### GIVEN INFORMATION
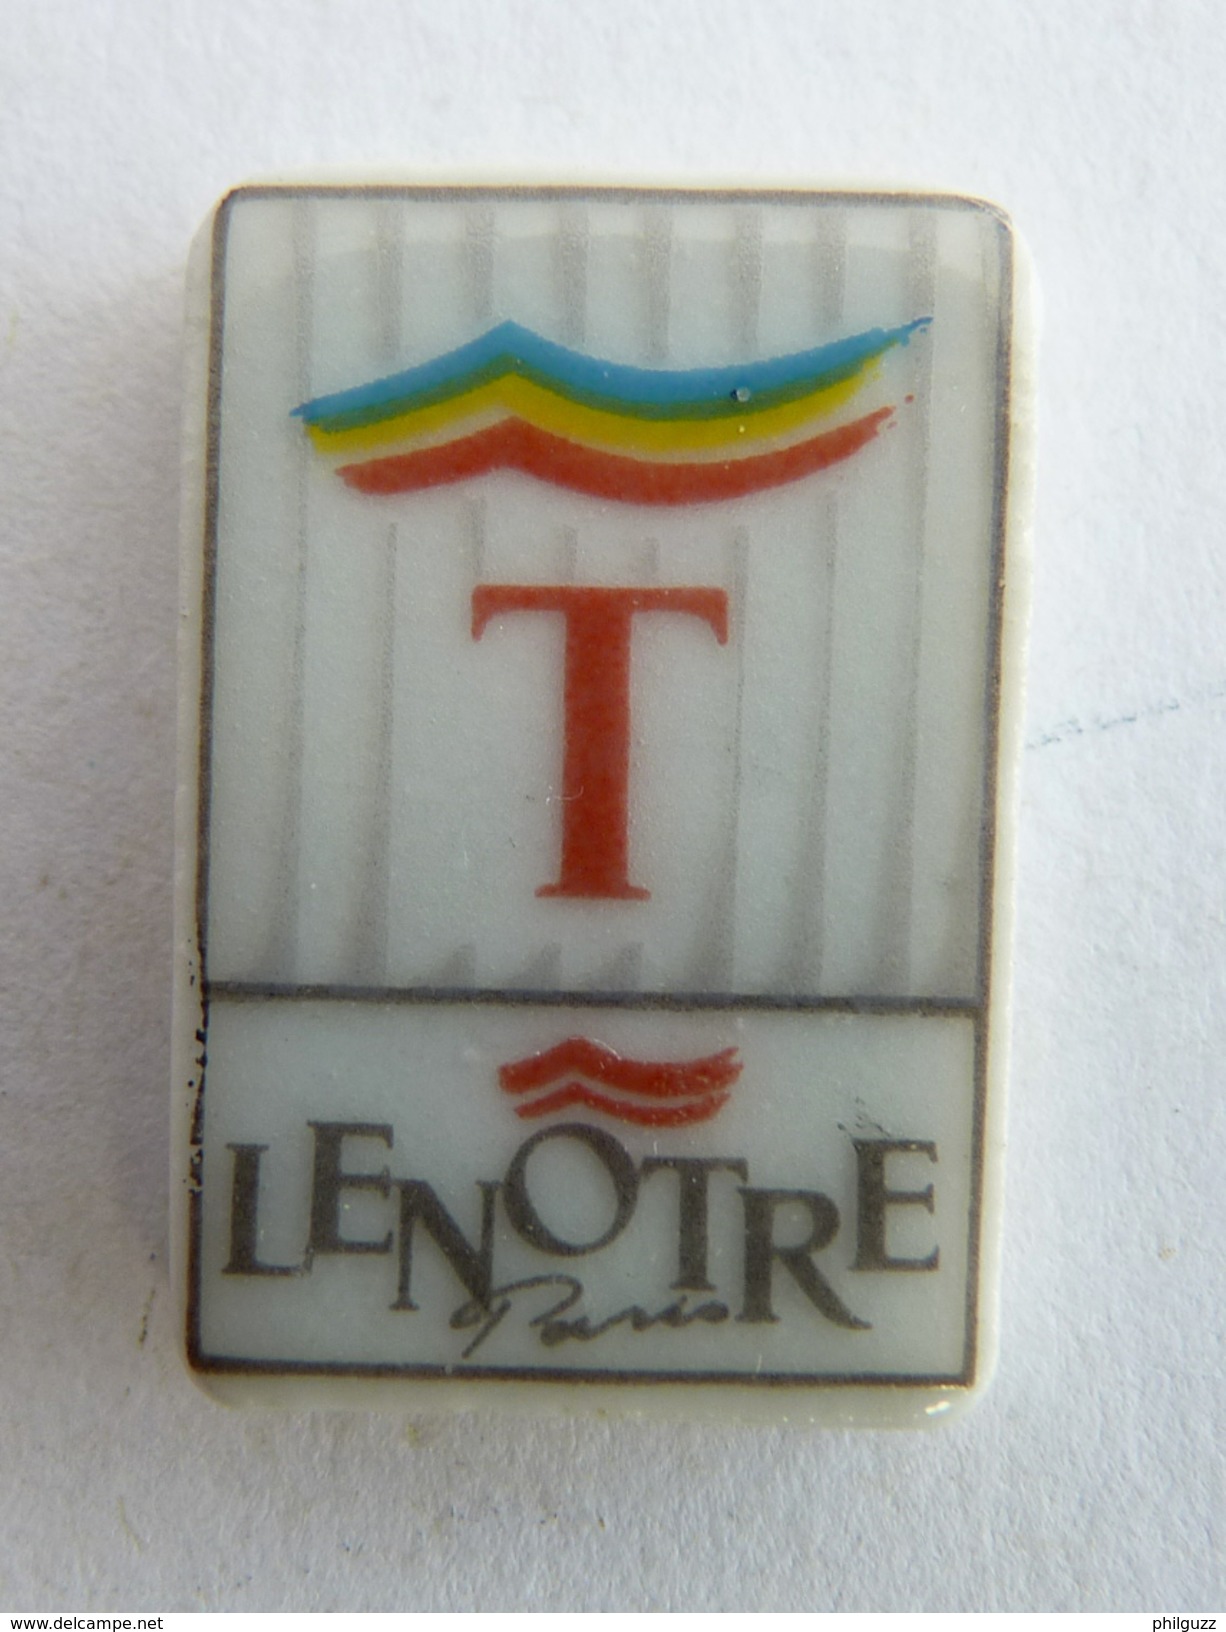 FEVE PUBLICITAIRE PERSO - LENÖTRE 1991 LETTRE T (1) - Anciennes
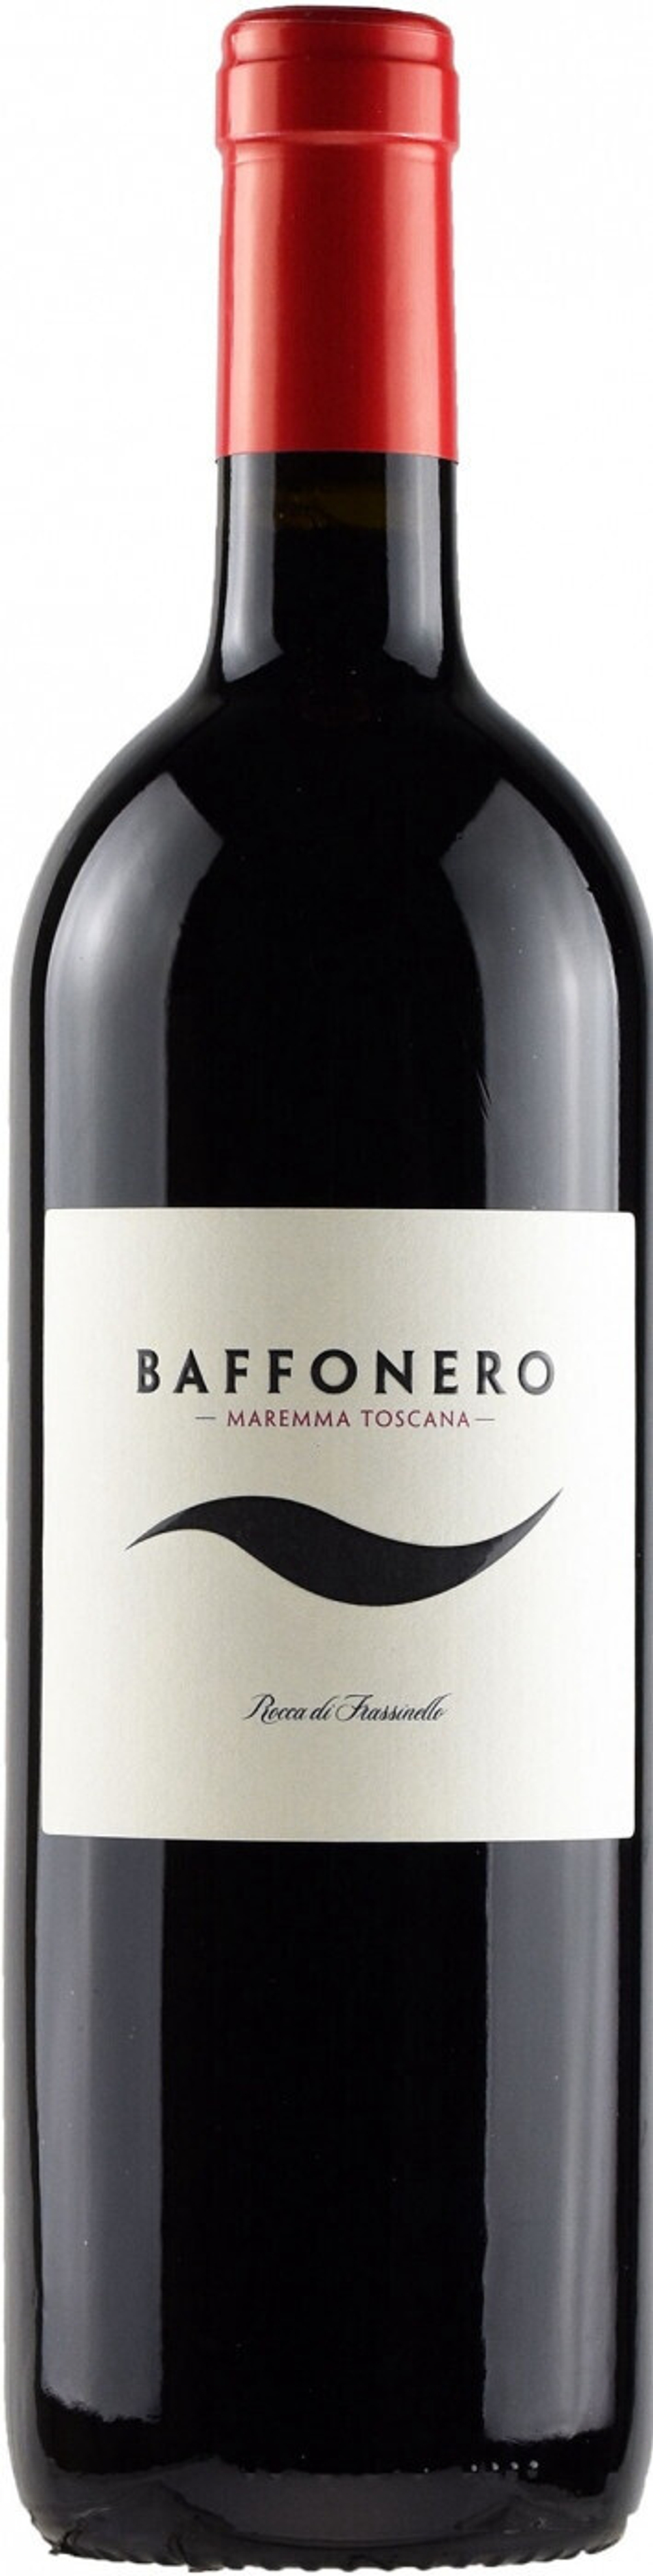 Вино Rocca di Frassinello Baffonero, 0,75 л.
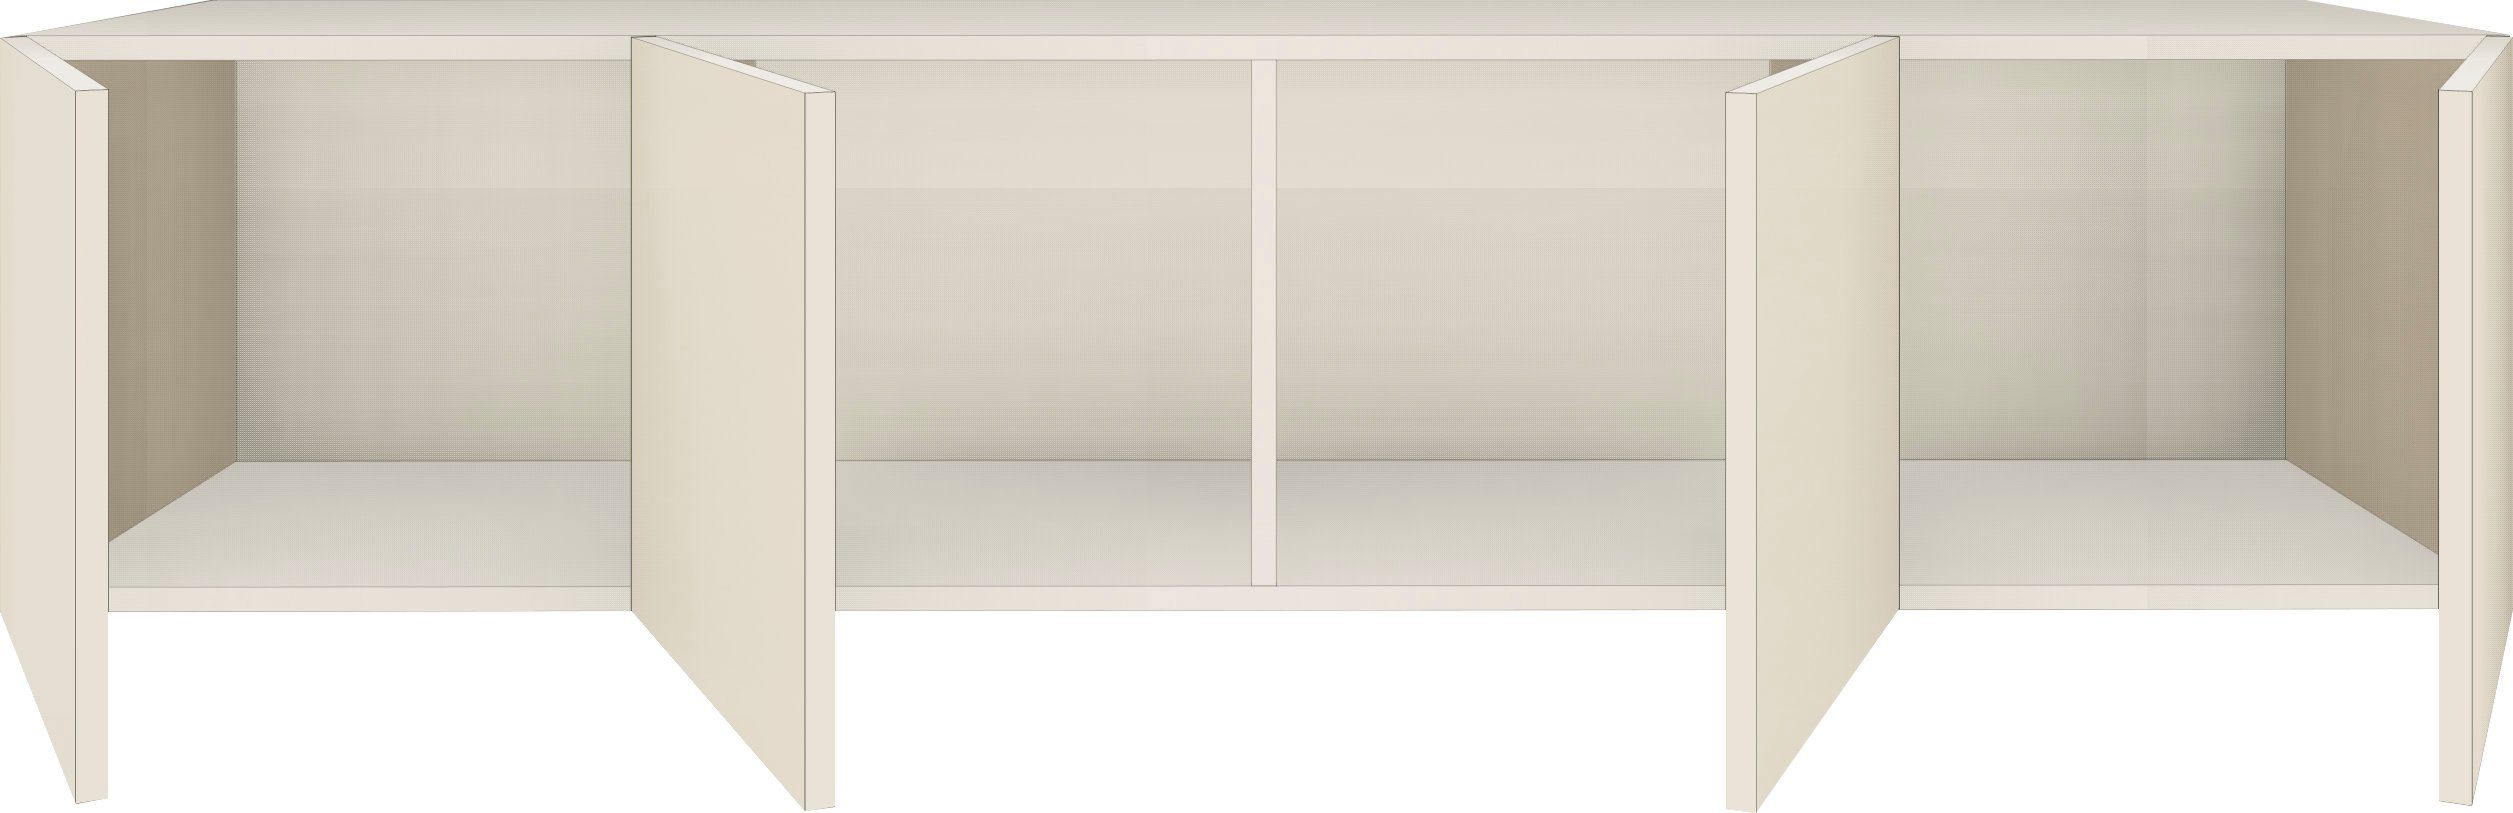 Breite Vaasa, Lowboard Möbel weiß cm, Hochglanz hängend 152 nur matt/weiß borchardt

### WORK REQUIRED
Your answer must be an exact copy of the data above, minus its pictures.

### TASK RESULT
 FEVE PUBLICITAIRE PERSO - LENÖTRE 1991 LETTRE T (1) - Anciennes
 Вино Rocca di Frassinello Baffonero, 0,75 л.
 Breite Vaasa, Lowboard Möbel weiß cm, Hochglanz hängend 152 nur matt/weiß borchardt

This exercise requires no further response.